The Complexity of Markov Equilibrium in Stochastic Games

TL;DR

This paper proves that computing approximate stationary Markov CCEs in general-sum stochastic games is computationally intractable, highlighting fundamental differences from normal-form games and single-agent RL, and offers a decentralized algorithm for nonstationary CCEs.

Contribution

It establishes the intractability of stationary Markov CCE computation in stochastic games and provides a polynomial-time decentralized algorithm for nonstationary CCE learning.

Findings

Computing approximate stationary Markov CCEs is intractable in general-sum stochastic games.

Normal-form games allow efficient computation of exact CCEs, unlike stochastic games.

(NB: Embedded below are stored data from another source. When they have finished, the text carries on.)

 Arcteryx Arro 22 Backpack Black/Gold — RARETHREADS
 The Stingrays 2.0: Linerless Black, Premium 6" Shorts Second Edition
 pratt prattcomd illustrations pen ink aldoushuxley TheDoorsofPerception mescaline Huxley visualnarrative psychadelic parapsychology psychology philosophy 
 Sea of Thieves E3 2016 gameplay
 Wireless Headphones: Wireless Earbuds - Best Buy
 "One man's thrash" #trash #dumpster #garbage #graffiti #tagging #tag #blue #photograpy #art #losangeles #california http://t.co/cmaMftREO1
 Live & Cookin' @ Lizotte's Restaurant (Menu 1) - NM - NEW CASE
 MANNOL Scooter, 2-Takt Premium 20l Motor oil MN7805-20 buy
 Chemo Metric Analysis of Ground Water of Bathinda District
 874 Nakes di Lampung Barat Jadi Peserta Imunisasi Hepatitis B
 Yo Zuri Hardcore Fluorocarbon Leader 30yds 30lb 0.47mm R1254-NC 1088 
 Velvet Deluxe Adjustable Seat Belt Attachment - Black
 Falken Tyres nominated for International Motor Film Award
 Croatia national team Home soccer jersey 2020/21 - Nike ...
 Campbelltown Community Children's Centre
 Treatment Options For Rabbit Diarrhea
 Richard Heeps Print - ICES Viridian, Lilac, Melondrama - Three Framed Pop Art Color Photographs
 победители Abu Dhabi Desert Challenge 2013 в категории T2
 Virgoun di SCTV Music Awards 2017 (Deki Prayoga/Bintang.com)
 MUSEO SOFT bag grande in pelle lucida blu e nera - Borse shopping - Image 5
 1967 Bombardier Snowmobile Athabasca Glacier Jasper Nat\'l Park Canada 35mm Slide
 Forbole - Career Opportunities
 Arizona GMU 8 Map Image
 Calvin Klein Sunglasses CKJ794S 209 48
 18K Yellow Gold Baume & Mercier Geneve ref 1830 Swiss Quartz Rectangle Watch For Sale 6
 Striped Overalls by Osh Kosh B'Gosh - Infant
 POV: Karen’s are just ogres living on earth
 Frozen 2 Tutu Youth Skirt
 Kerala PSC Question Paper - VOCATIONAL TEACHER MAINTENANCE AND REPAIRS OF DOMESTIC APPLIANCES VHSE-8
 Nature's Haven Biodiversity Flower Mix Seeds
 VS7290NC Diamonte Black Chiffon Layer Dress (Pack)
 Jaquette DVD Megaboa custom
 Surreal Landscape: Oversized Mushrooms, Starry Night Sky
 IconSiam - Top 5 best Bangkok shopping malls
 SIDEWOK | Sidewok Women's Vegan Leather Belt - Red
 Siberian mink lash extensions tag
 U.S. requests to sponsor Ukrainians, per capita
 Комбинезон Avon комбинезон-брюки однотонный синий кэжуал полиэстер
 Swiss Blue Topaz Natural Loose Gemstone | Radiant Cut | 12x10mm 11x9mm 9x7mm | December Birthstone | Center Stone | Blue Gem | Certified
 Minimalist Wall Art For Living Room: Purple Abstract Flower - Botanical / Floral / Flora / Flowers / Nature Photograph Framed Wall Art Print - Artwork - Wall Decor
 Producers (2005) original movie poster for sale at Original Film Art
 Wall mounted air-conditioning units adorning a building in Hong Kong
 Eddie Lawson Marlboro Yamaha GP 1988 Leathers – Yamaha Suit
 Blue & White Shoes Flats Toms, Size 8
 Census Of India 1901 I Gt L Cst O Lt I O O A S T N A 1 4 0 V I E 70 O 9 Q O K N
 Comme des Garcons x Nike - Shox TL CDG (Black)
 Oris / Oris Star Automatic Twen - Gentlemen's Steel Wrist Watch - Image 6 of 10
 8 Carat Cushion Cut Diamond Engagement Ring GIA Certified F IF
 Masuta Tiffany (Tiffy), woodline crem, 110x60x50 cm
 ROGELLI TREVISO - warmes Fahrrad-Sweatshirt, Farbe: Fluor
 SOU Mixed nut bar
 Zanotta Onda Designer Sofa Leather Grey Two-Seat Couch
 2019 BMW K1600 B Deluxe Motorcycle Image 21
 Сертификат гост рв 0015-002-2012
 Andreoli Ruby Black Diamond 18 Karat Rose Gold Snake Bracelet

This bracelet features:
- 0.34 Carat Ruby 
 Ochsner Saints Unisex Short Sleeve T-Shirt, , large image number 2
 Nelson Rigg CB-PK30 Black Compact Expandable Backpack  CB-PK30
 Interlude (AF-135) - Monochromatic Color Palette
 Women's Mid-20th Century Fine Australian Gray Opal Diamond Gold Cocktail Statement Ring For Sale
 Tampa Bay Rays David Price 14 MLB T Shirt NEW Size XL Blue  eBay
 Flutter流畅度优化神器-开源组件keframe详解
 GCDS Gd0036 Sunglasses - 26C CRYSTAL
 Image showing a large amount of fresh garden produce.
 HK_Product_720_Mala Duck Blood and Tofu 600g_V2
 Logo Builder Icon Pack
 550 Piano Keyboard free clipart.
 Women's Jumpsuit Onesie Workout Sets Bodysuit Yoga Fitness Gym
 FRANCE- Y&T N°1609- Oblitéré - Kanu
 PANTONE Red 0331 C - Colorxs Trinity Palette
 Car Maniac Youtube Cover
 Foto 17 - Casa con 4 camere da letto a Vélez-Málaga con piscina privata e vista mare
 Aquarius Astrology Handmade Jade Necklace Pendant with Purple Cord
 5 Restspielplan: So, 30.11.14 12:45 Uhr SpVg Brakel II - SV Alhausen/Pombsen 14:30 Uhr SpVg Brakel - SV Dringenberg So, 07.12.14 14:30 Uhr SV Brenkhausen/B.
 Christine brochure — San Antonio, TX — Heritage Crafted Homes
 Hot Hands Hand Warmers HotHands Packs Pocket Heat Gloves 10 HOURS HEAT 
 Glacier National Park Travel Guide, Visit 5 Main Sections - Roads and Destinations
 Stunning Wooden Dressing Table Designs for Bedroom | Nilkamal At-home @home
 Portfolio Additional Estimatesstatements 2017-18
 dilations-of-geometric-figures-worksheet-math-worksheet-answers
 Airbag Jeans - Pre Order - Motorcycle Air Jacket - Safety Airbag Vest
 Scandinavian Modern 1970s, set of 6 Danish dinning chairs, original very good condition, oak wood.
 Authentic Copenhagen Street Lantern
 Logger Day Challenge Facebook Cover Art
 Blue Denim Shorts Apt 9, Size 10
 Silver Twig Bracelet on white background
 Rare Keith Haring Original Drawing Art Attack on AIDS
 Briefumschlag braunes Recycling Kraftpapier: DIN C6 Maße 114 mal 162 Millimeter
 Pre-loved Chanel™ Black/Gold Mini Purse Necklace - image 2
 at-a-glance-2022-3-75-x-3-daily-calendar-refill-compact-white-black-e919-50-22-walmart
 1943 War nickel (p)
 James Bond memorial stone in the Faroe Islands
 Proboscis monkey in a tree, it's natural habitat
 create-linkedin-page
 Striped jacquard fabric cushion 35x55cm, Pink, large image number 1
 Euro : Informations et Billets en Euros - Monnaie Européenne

A decentralized polynomial-time algorithm can learn nonstationary Markov CCE policies.

Abstract

We show that computing approximate stationary Markov coarse correlated equilibria (CCE) in general-sum stochastic games is computationally intractable, even when there are two players, the game is turn-based, the discount factor is an absolute constant, and the approximation is an absolute constant. Our intractability results stand in sharp contrast to normal-form games where exact CCEs are efficiently computable. A fortiori, our results imply that there are no efficient algorithms for learning stationary Markov CCE policies in multi-agent reinforcement learning (MARL), even when the interaction is two-player and turn-based, and both the discount factor and the desired approximation of the learned policies is an absolute constant. In turn, these results stand in sharp contrast to single-agent reinforcement learning (RL) where near-optimal stationary Markov policies can be efficiently learned. Complementing our intractability results for stationary Markov CCEs, we provide a decentralized algorithm (assuming shared randomness among players) for learning a nonstationary Markov CCE policy with polynomial time and sample complexity in all problem parameters. Previous work for learning Markov CCE policies all required exponential time and sample complexity in the number of players.